Juniper Russo: I come from a very complex and diverse family, and I've spent most of my life living in the Deep South. My family history, childhood and innate personality have always created an odd collision of paradoxical lifestyles and philosophies. I believe that my combination of unusual experiences have enabled me to become successfully creative.
Leodegraunce: Why do you enjoy flash fiction?
Juniper Russo: I started writing flash fiction when I was in high school, although I didn't write it seriously until about two years ago. I find it intriguing that talented authors can express a complete plot in just a few simple words. Because of the fast-pace of modern American culture, our minds are now engineered to expect instant summary and resolution in a plot. I'd like to be one of the writers who can use flash fiction to favorably advance the art of writing, instead of simply feeding the culture of distraction.
Leodegraunce: What are some of your recent works?
Juniper Russo: I've only recently allowed myself to publish fiction stories, because, until recently, I struggled with the feeling that I was making myself naked and transparent to anyone who read my fiction works. I don't like the feeling of a reader looking inside my mind, and that's precisely what fiction facilitates. For this reason, "Bumblebee" is my first "officially" published work of fiction. I am currently seeking a publisher for my first children's book, which is about diversity in animal families.

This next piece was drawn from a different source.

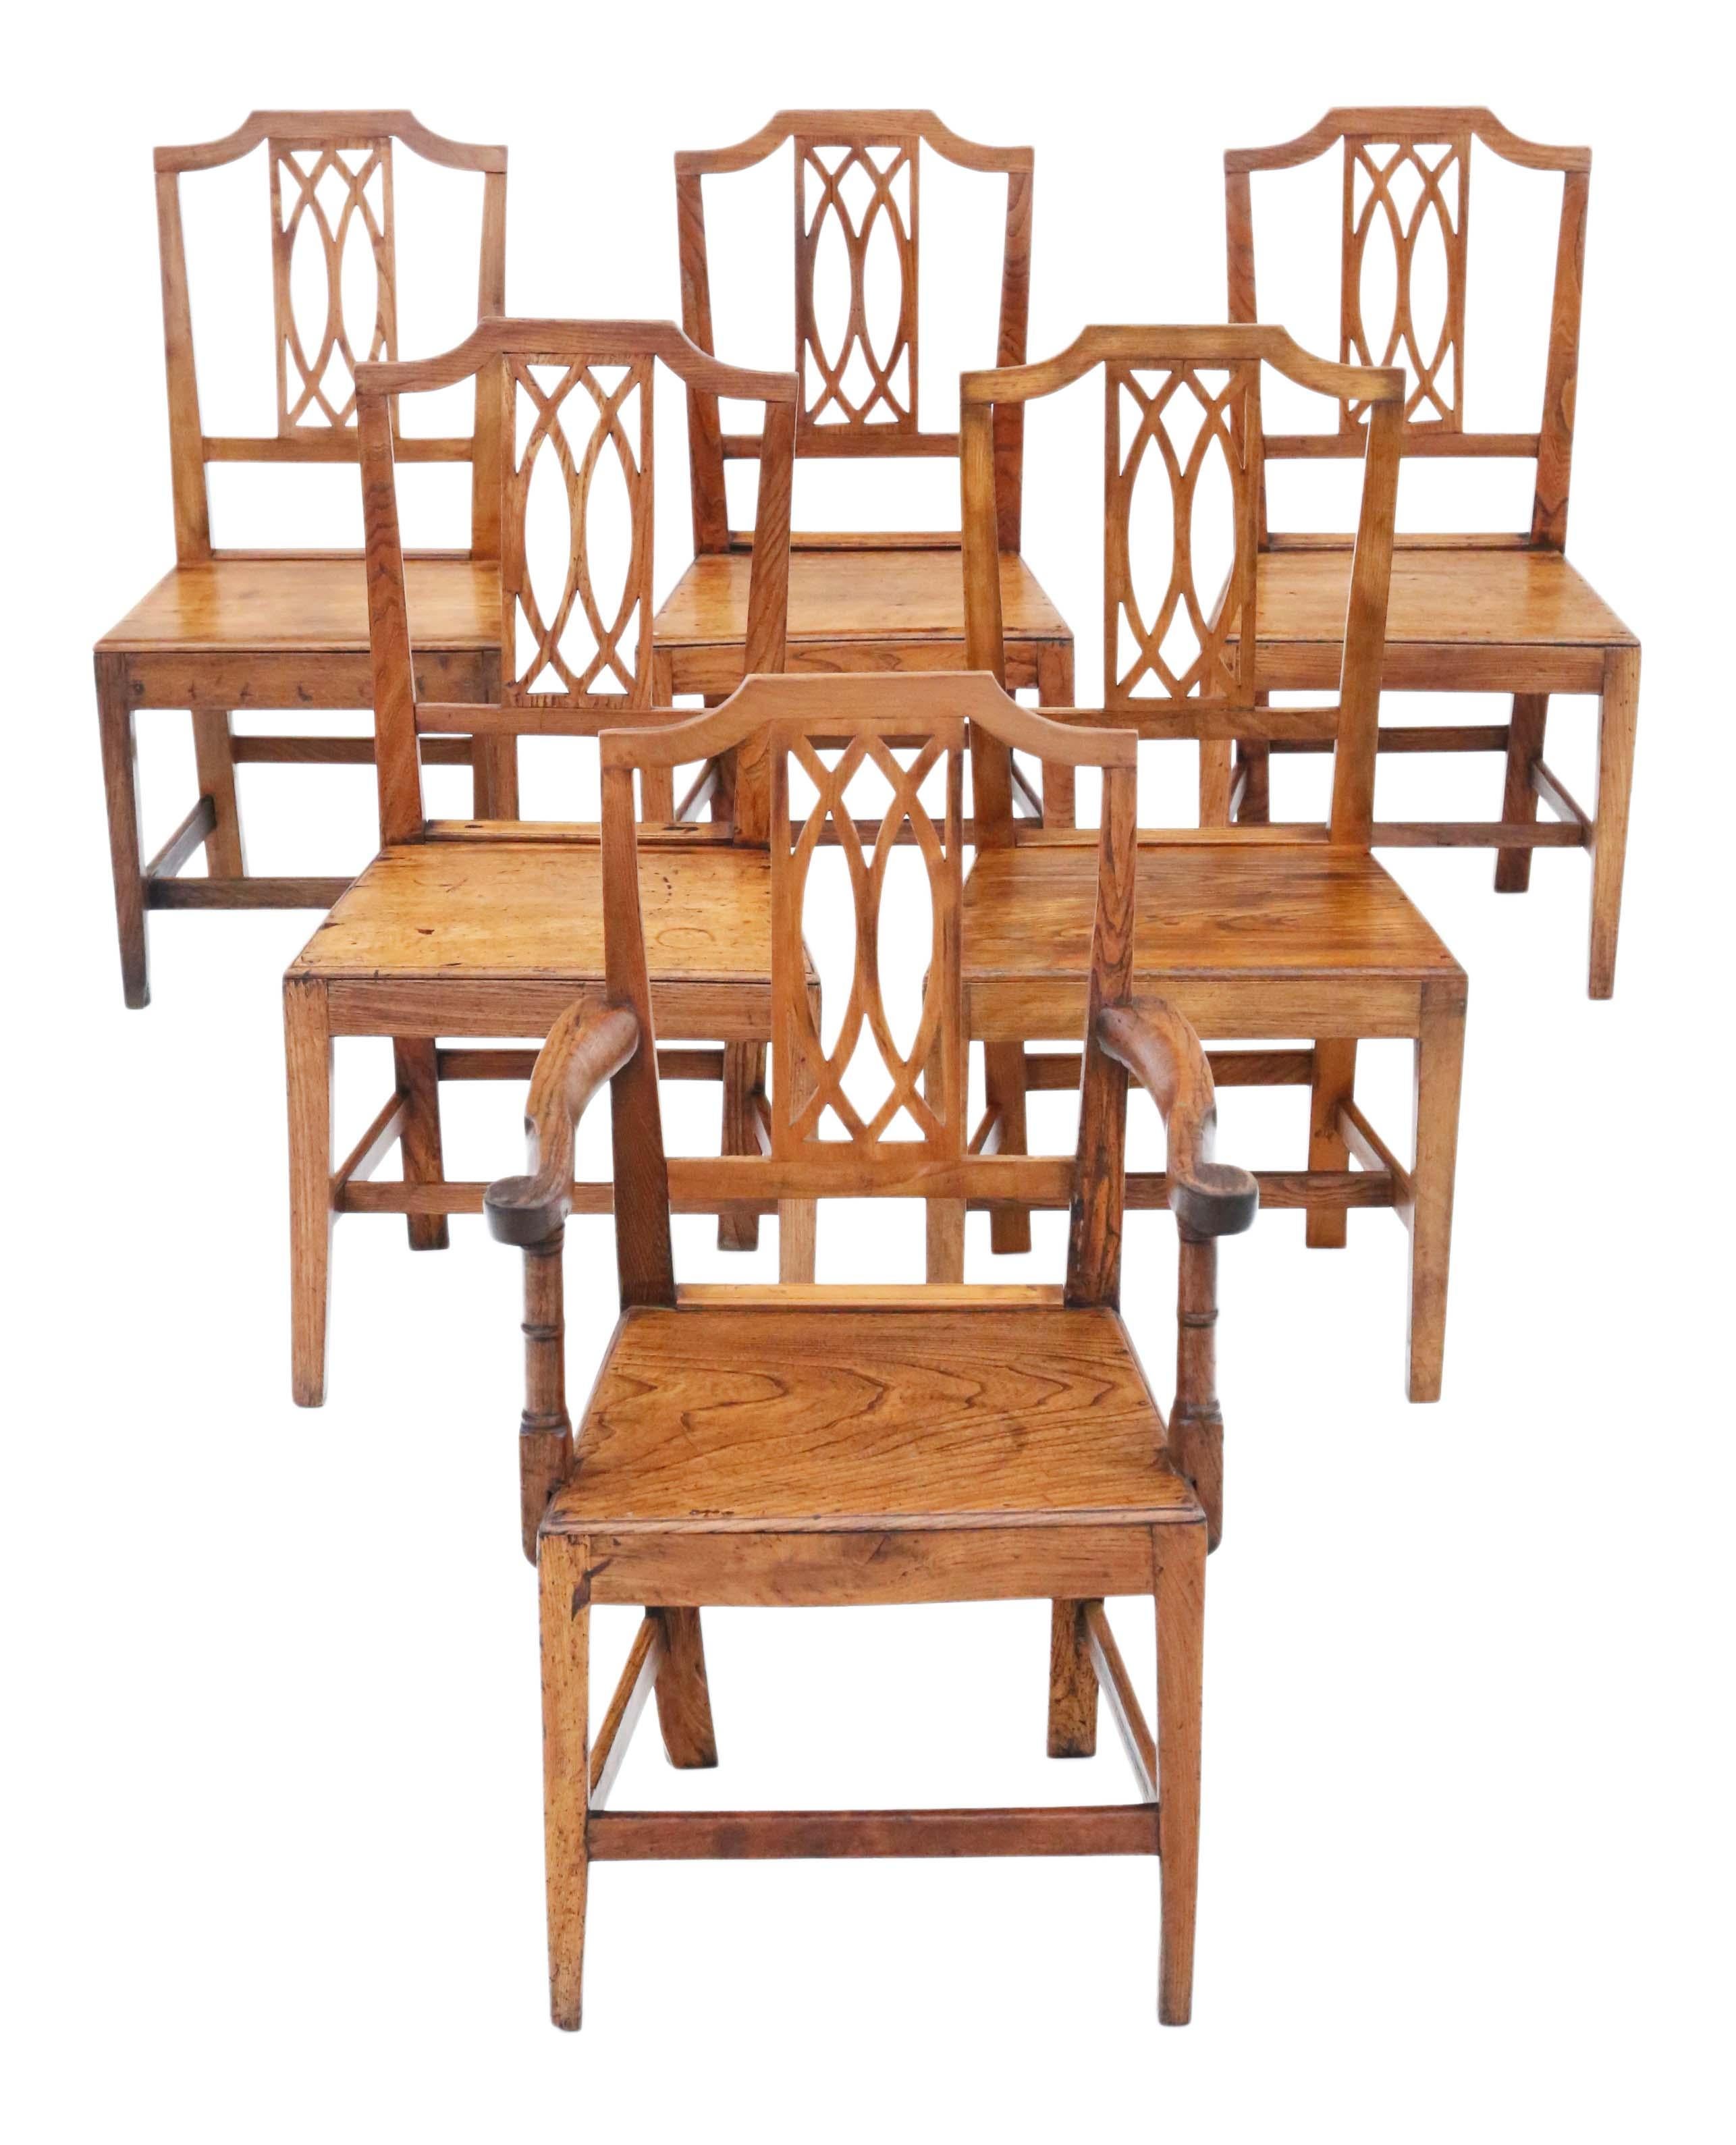 Entdecken Sie die seltene Eleganz dieses antiken Satzes von 6 Stühlen (5 Stühle plus 1 Schnitzer) aus Ulmenholz aus dem 19. Jahrhundert, der ein wirklich einzigartiges Design aufweist. Diese Stühle sind ein Beweis für hochwertige Handwerkskunst, mit

Leodegraunce: What are some of your writing plans for 2011?
Juniper Russo: I am in the process of writing "Eye of Jove," a science fiction novel set on a terraformed version of Europa. I'd like to finish the novel by the end of the year and find a publisher for my children's book. I'd also like to expand my nonfiction market to include more print-based publishers and small business clients.
Leodegraunce: What is your top writing tip for aspiring authors?
Juniper Russo: Write as much as you can, as often as you can. Don't let a day pass without writing something-- a blog, an email, an article, a flash fiction. Your imagination and writing skills will atrophy if you don't exercise them. I lost nearly a year of experience in my late teens because I was afraid of my career as a writer. In that time, I lost most of the skills I had learned. Had I kept going despite my anxiety, I believe I would be far more successful now. No matter how you feel or how busy you are, write something every day.